## [ABOUT THIS TASK]
From the material below, copy every line in which the word "necklace" occurs.
▼▼▼
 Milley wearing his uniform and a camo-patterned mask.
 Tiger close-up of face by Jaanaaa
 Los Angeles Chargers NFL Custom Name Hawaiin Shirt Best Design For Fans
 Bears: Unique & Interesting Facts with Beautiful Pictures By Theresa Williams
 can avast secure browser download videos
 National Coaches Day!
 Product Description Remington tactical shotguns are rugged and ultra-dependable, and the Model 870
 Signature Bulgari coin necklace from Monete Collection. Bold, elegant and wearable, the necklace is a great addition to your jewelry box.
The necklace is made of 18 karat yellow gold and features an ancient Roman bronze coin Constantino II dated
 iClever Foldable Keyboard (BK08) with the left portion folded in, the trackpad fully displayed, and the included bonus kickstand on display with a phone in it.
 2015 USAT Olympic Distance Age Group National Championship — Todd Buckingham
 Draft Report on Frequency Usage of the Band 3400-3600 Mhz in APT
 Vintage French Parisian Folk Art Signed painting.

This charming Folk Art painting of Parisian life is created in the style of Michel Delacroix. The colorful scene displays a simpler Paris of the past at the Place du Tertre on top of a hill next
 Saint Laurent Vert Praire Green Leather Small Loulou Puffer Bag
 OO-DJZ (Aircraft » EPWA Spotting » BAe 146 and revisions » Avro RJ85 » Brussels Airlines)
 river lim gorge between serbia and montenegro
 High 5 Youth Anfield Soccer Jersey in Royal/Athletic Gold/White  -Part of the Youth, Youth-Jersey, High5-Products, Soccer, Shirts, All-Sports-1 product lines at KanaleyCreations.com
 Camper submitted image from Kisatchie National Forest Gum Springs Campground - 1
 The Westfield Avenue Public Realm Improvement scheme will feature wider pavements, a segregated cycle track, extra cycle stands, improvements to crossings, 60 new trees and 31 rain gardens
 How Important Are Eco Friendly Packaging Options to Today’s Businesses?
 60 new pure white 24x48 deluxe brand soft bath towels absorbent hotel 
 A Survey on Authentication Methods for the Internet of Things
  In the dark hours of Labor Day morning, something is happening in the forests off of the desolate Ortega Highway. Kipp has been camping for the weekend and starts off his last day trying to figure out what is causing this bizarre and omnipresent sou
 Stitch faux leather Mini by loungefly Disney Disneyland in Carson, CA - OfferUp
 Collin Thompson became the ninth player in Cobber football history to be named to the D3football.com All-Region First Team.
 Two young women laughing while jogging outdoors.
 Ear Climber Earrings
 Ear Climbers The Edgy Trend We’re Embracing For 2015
▲▲▲
## [ANSWER TO THE EXERCISE]
 Signature Bulgari coin necklace from Monete Collection. Bold, elegant and wearable, the necklace is a great addition to your jewelry box.
The necklace is made of 18 karat yellow gold and features an ancient Roman bronze coin Constantino II dated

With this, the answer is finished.